### Supplied material
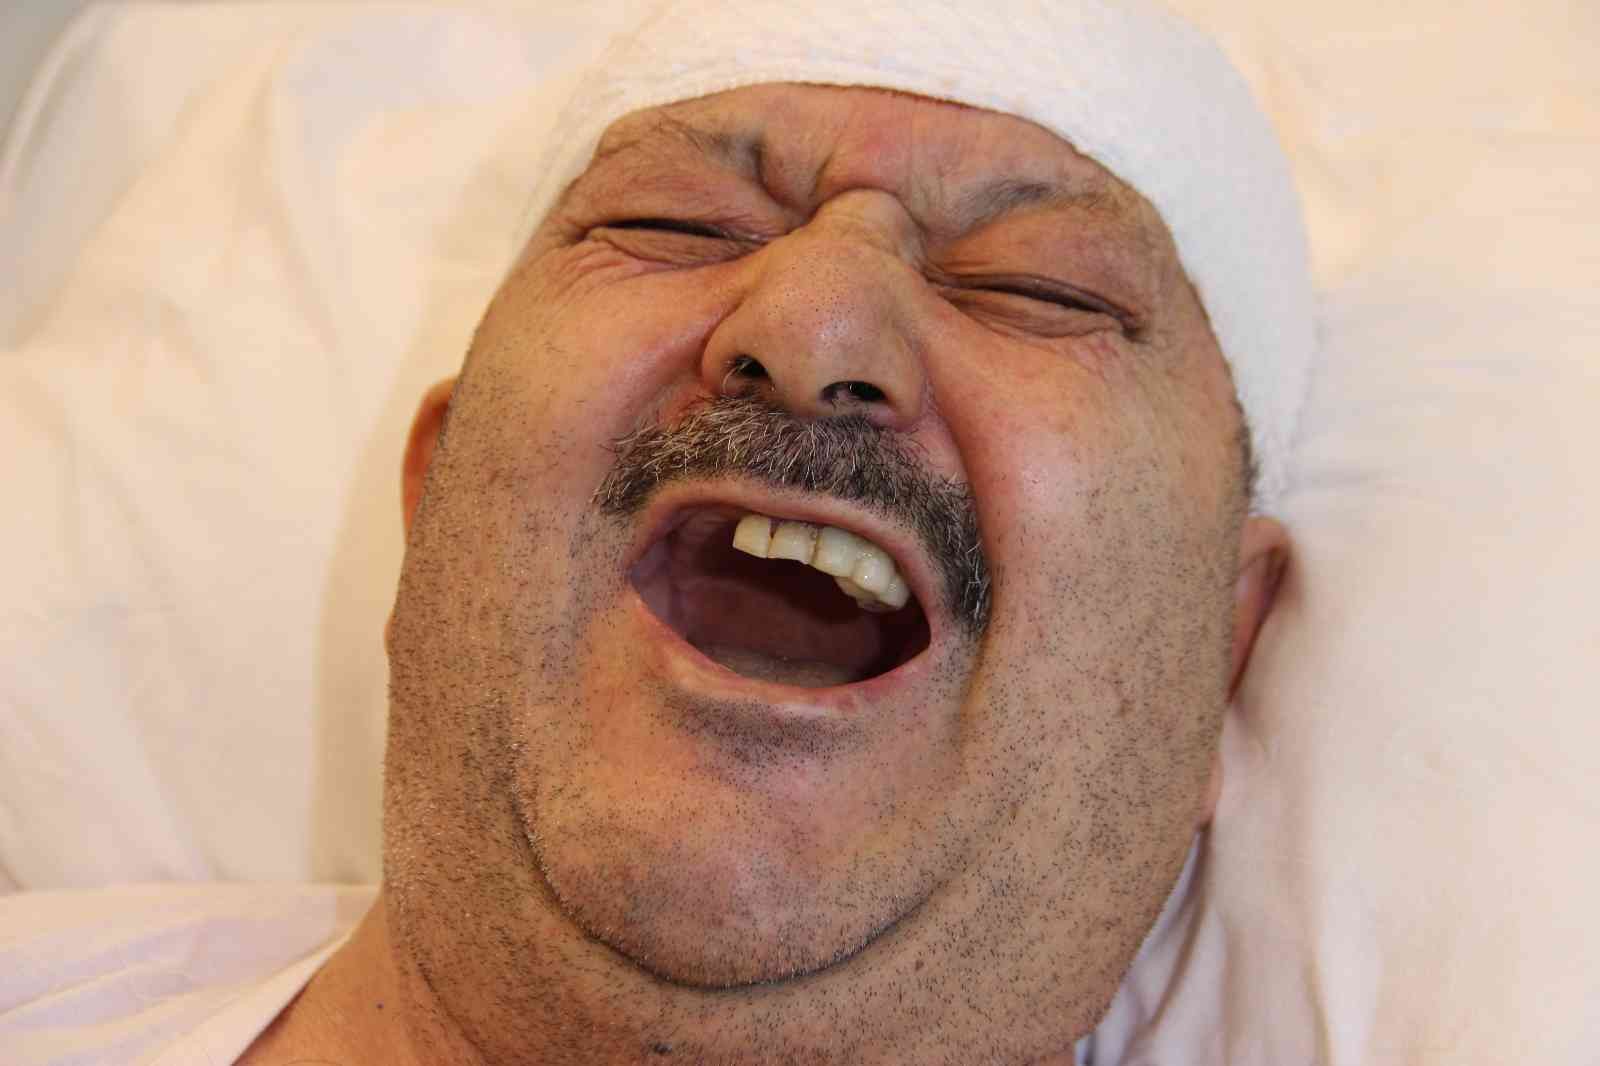 Diş ağrısı sanıp 6 sağlam dişini çektirdi, meğer gerçek bambaşka çıktı #izmir
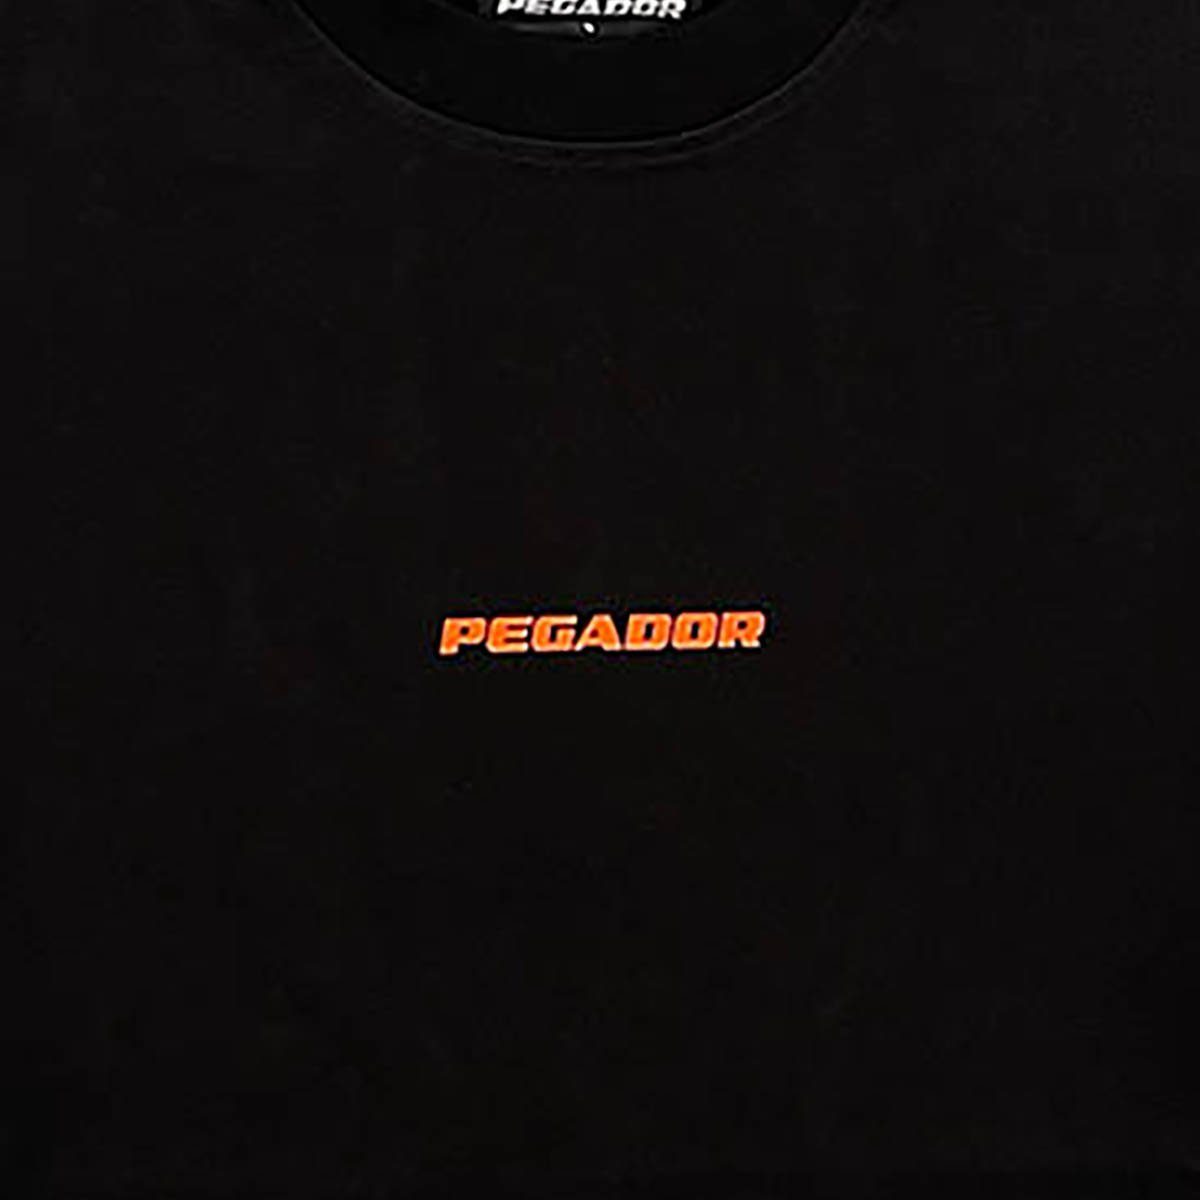 Logo Colne Pegador T-Shirt
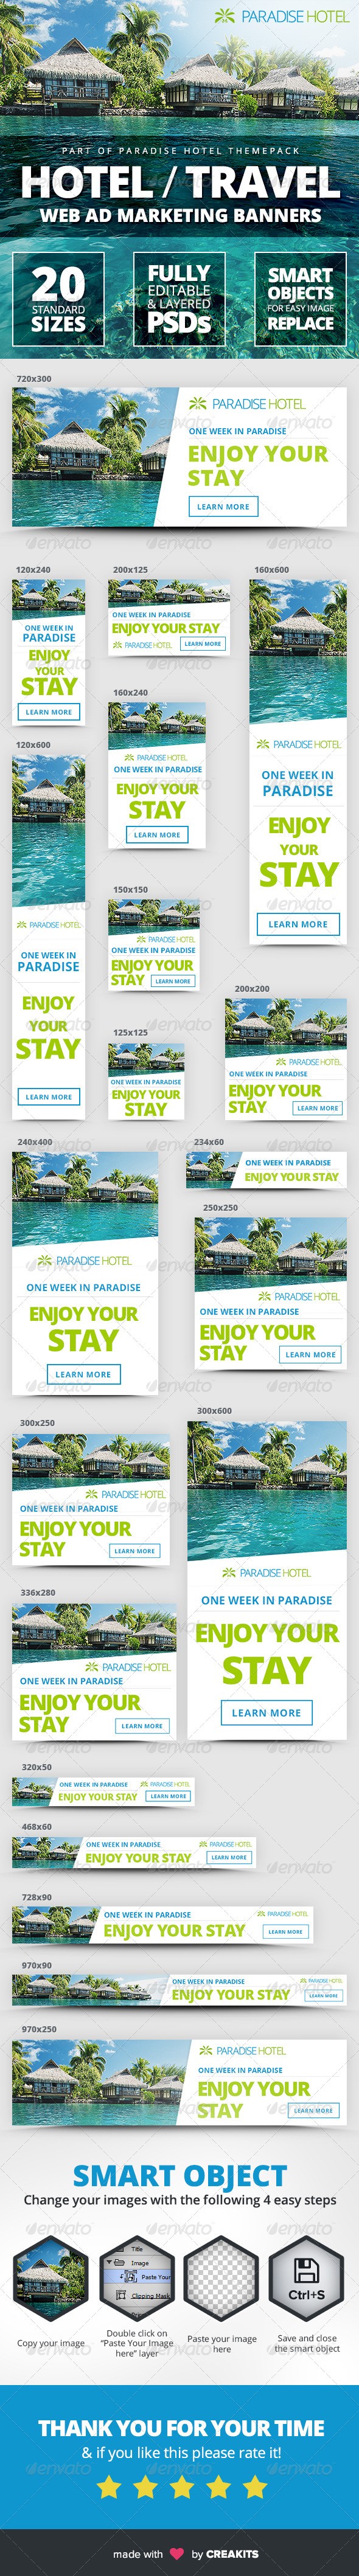 آگهی های / بنرهای بازاریابی تبلیغات هتل و سفر از طریق وب
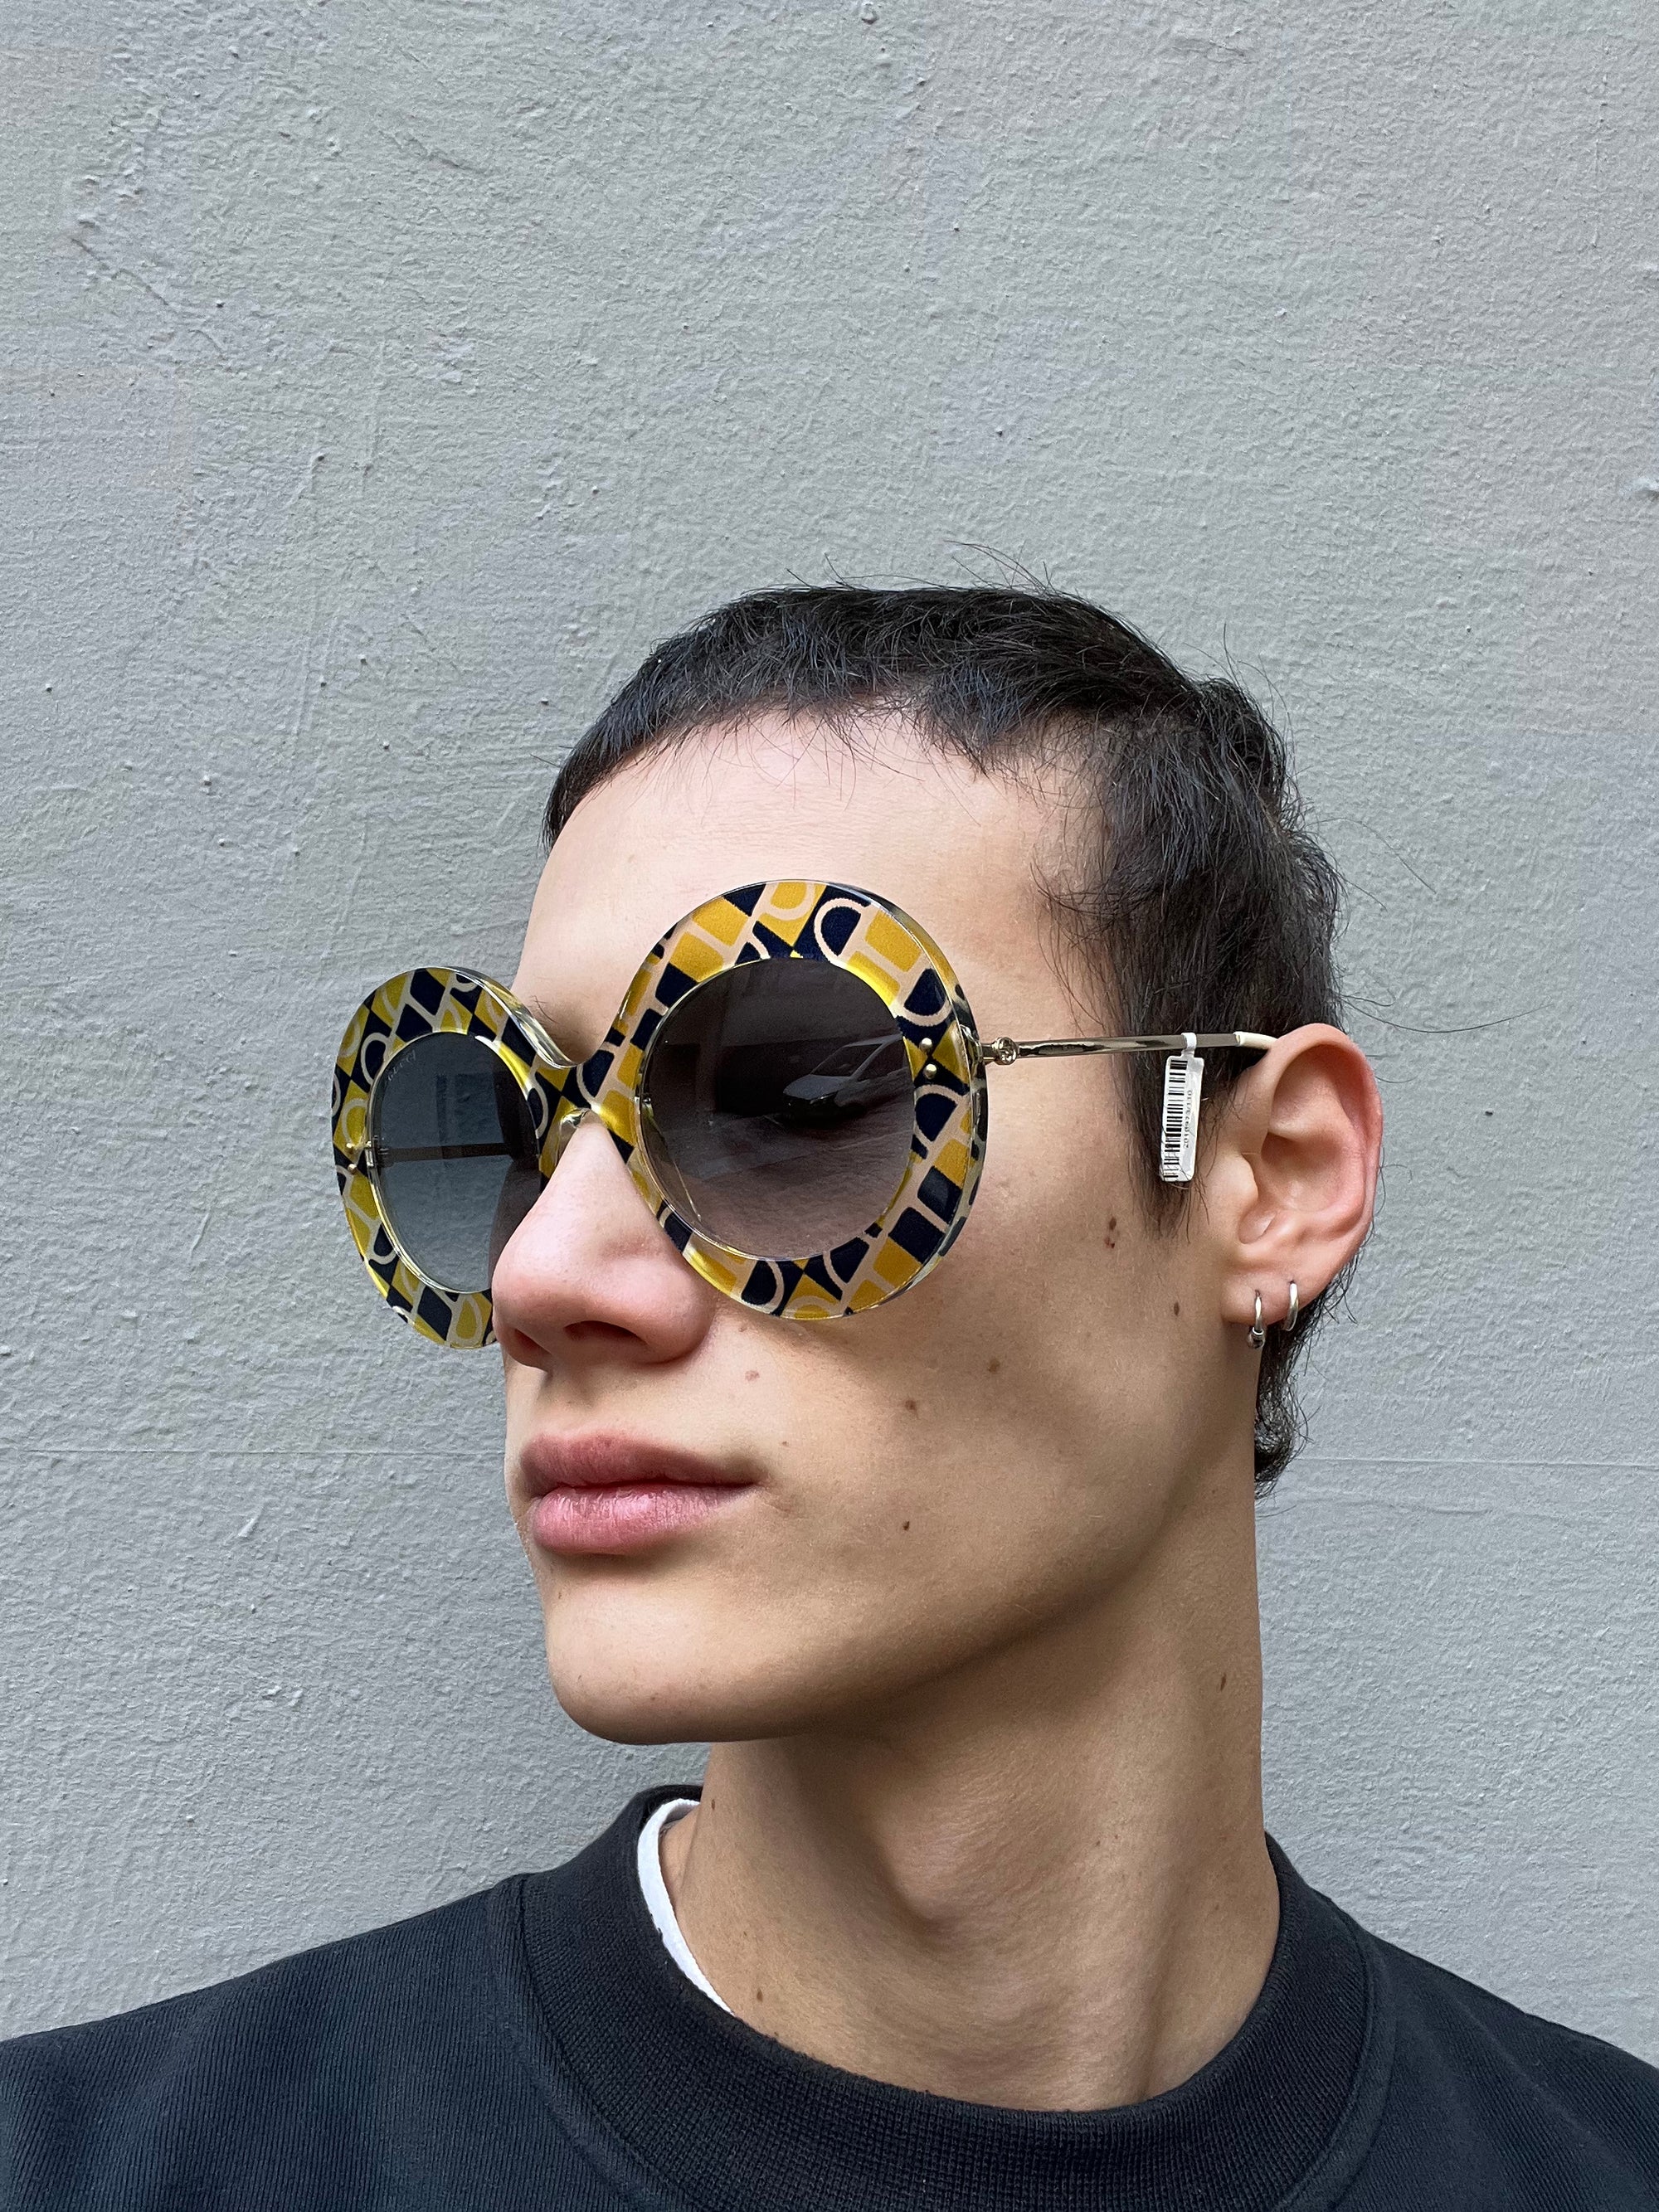 Tragebild der Gucci Sunglasses von der seite an einem Männlichem Model.

### Exercise objective
What is needed is an exact copy of every line from the one with "Logo Colne Pegador T-Shirt" to the end of the listing above, with the pictures left out.

### Written solution
 Logo Colne Pegador T-Shirt
 آگهی های / بنرهای بازاریابی تبلیغات هتل و سفر از طریق وب
 Tragebild der Gucci Sunglasses von der seite an einem Männlichem Model.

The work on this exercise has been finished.